Can a test be added to test/simpleTests.py or test/unit/testDocument.cxx that will fail with the current implementation and pass after the fix?
This contains extraneous changes that make it difficult to review. A fix should address exactly the problem with no additional optimizations or cleanups. Fixing DBCS should require zero changes to the UTF-8 path.
Is the chunk that reverses the tests for !dbcsCodePage and UTF8IsAscii(leadByte) a good change? Who knows? There is no rationale or benchmark. It is entirely superfluous to using IsDBCSTrailByteInvalid.
That would require inverting the logic within the function with no unit tests.
Added GetCharacterAndWidth test case (
\xfe\xfffor code page 936, 949, 950 and 1361) .the code in GetCharacterAndWidth() is just de-indented after move
!UTF8IsAscii(leadByte) && dbcsCodePageto one line.As UTF-8 is popular and Scintilla is focus on code editor, check for ASCII first may have benefits.
Updated test case to
"\x84\xff.", which is invalid in all DBCS code pages.for test.txt, it's treated as three characters in UTF-8 but two with DBCS code pages on press left/right arrows; but all rendered as two hex blobs + one normal character.
The the confusing function IsDBCSLeadByteInvalid() can be removed, it's only used in Editor::SetRepresentations(). the combination for IsDBCSLeadByteNoExcept + IsDBCSLeadByteInvalid is equivalent to following code (only make sense for 932):
attached the changes to Editor::SetRepresentations() and a script to print all valid DBCS lead, tail and single bytes.
Last edit: Zufu Liu 2021-06-25
All current changes:
1. Remove IsDBCSLeadByteInvalid, add IsDBCSValidSingleByte, update SetRepresentations
2. Rename IsDBCSTrailByteInvalid to IsDBCSTrailByteNoExcept, tested in DBCS-2.py
3. Check trail bye in CharacterAfter and GetCharacterAndWidth
I don't understand the line
Which just leads to invalid UTF-8 bytes being reported as
2*leadByte.I could understand an objection to using a singleton surrogate (which comes from https://www.python.org/dev/peps/pep-0383/ ) but this seems quite confusing.
It should be
character = 0xDC80 + character;to match oldcharacter = 0xDC80 + leadByte;.Here is a minimal patch that appears to achieve the initial purpose.
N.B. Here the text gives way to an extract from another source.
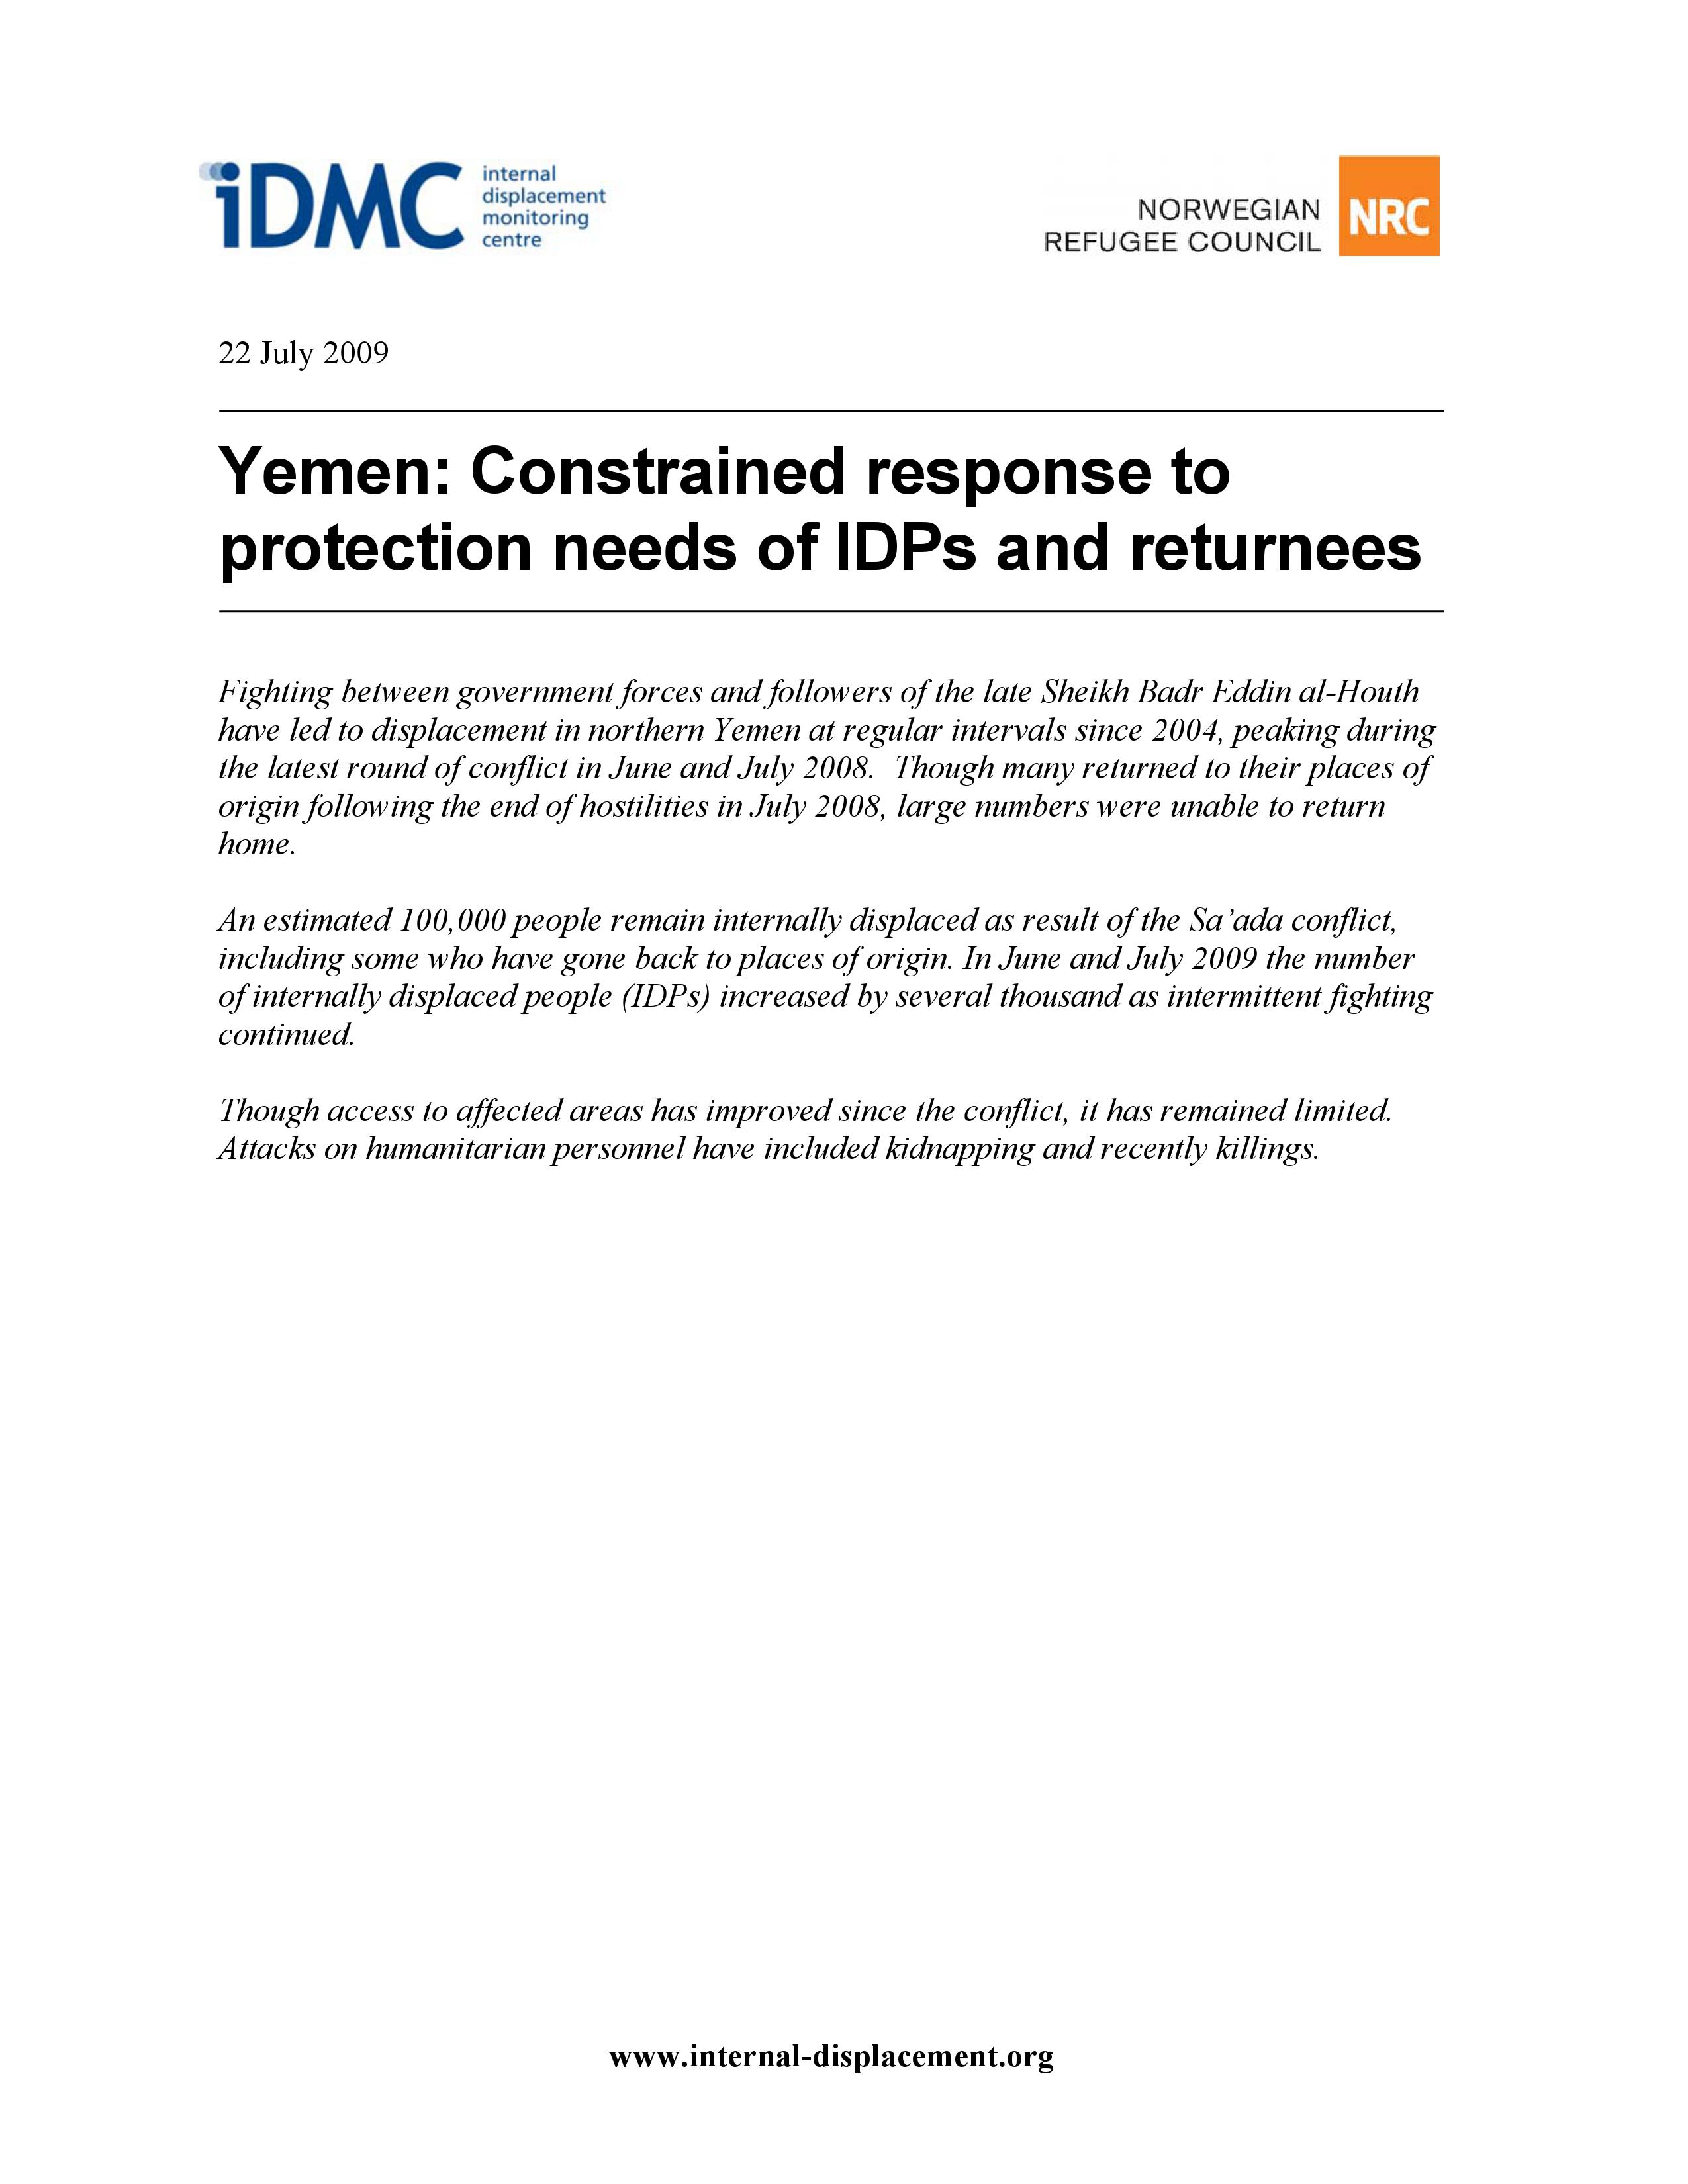 Yemen: Constrained response to protection needs of IDPs and returnees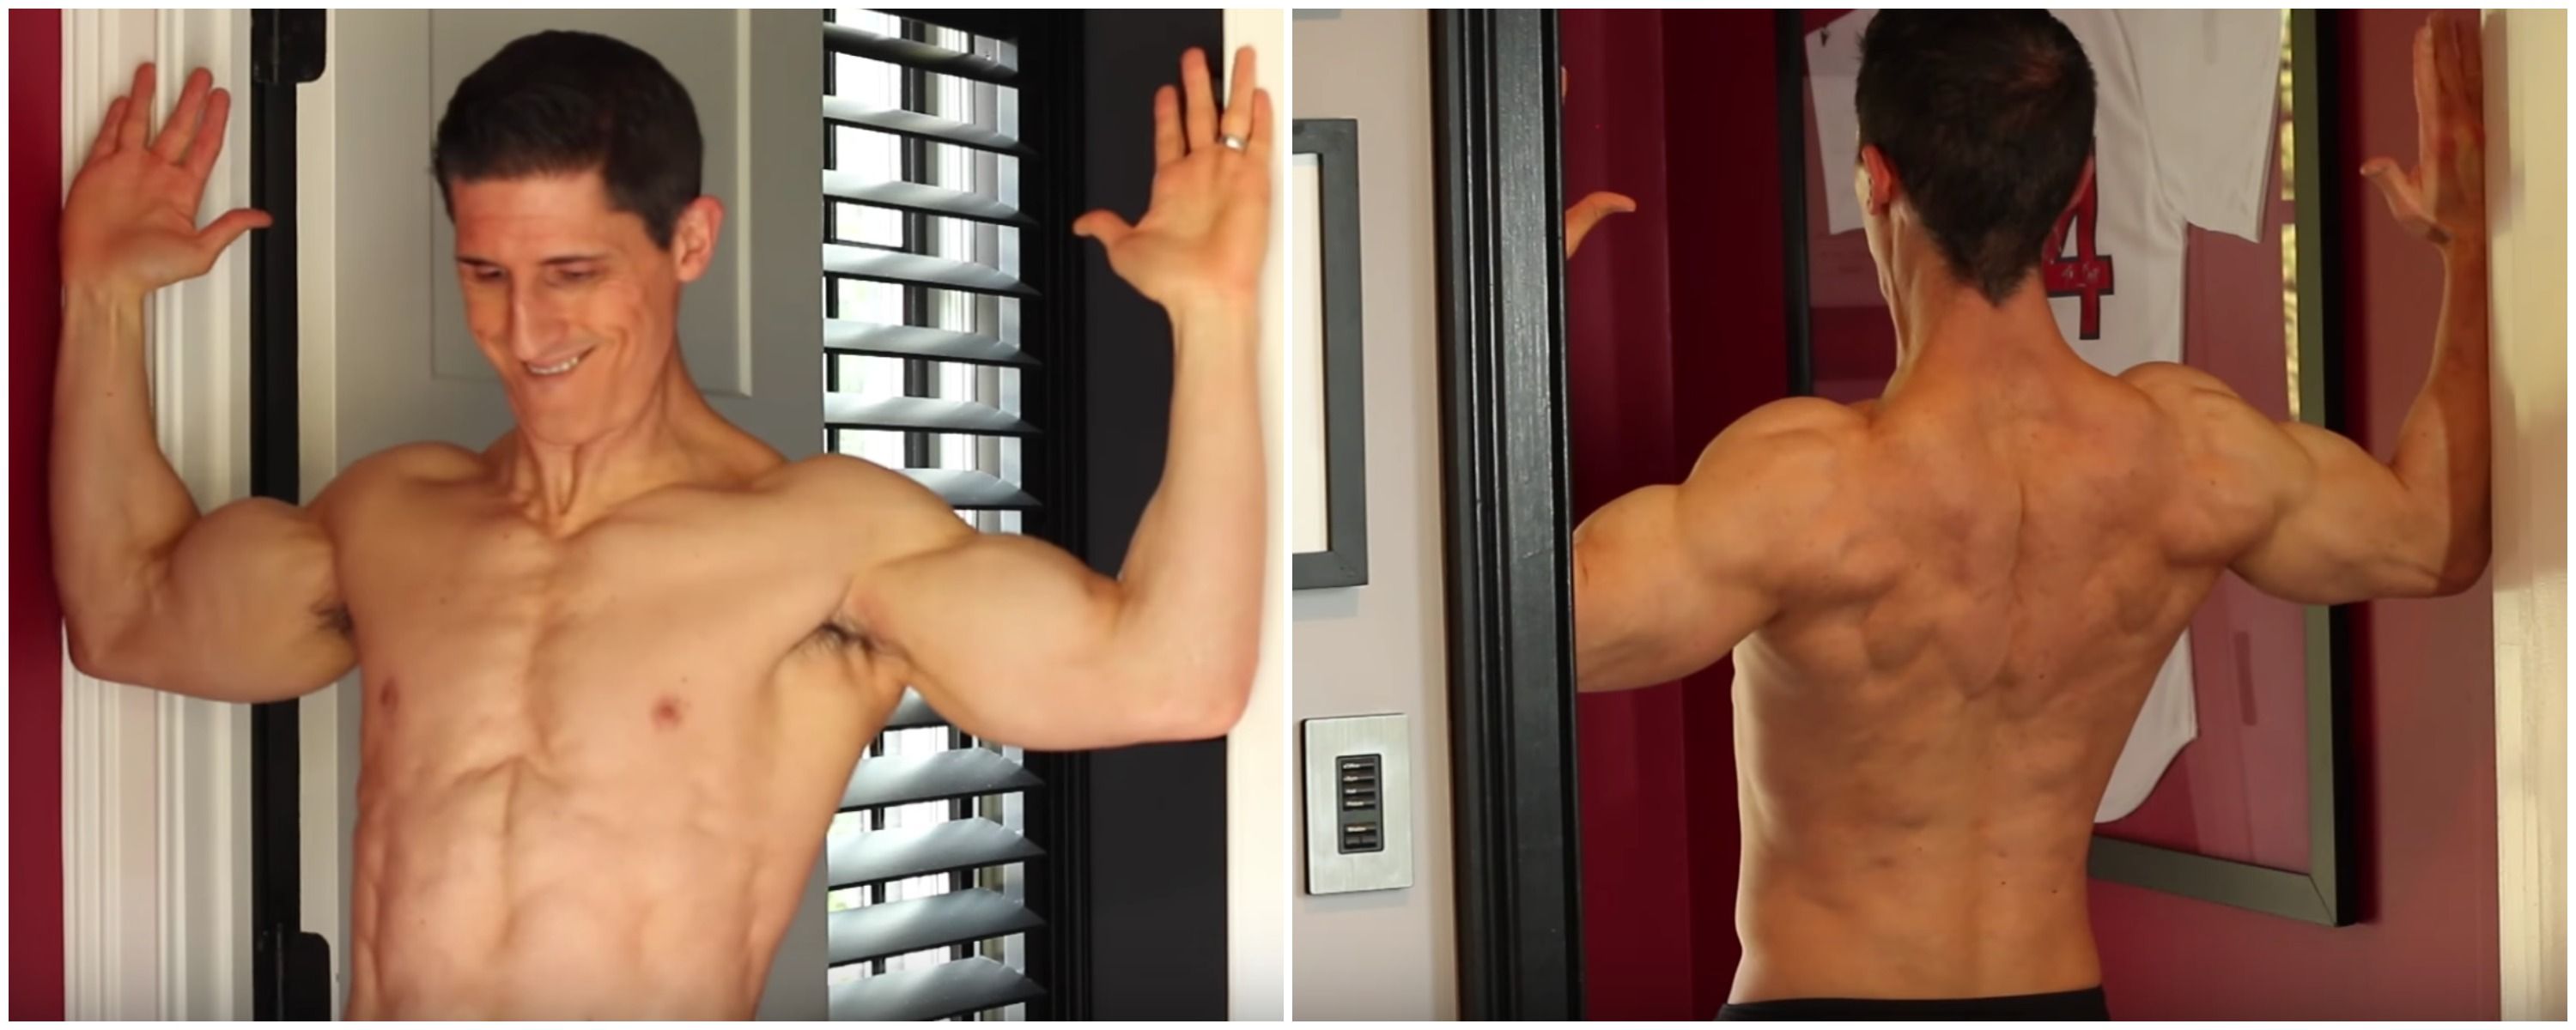 Athlean-X Shows How to Do the Face Pull Back Workout at Home

It does the same thing, but in GetCharacterAndWidth(), IsDBCSLeadByteNoExcept() can be avoided by moving UTF8IsAscii() out from UTF-8 block.
That can be part of an optimization or code improvement change that causes no change in behaviour.
The InvalidTrail.patch was pushed (accidentally) so is now [64fd59].
Related
Commit: [64fd59]
Committed other changes with further modifications as [b2b3ee], [e13006], [c58daf], [ab3655].
Related
Commit: [ab3655]
Commit: [b2b3ee]
Commit: [c58daf]
Commit: [e13006]
The unused function IsDBCSLeadByteInvalid() can be removed.
LenChar(), MovePositionOutsideChar() and NextPosition() will some trail byte checks.
Incomplete changes, update GetCharacterAndWidth() test string to "H\x84\xff\x84H" (can be used for all DBCS code pages).
following tests failed, need some change in NextPosition() (before
return (pos - 1 - ((pos - posTemp) & 1))).This is causing failures in test/win32Tests.py for the 4-byte text "[\x85\xff]" due to differing results from counting characters then converting them to UTF-16: GetTextLength returns 4 as the 2 bytes are considered separate now but GetText returns a 3 character string "[・]", as the Win32 function MultiByteToWideChar substitutes U+30FB Katakana Middle Dot for bad characters.
It is likely that applications are expecting agreement between these APIs and may fail with the change.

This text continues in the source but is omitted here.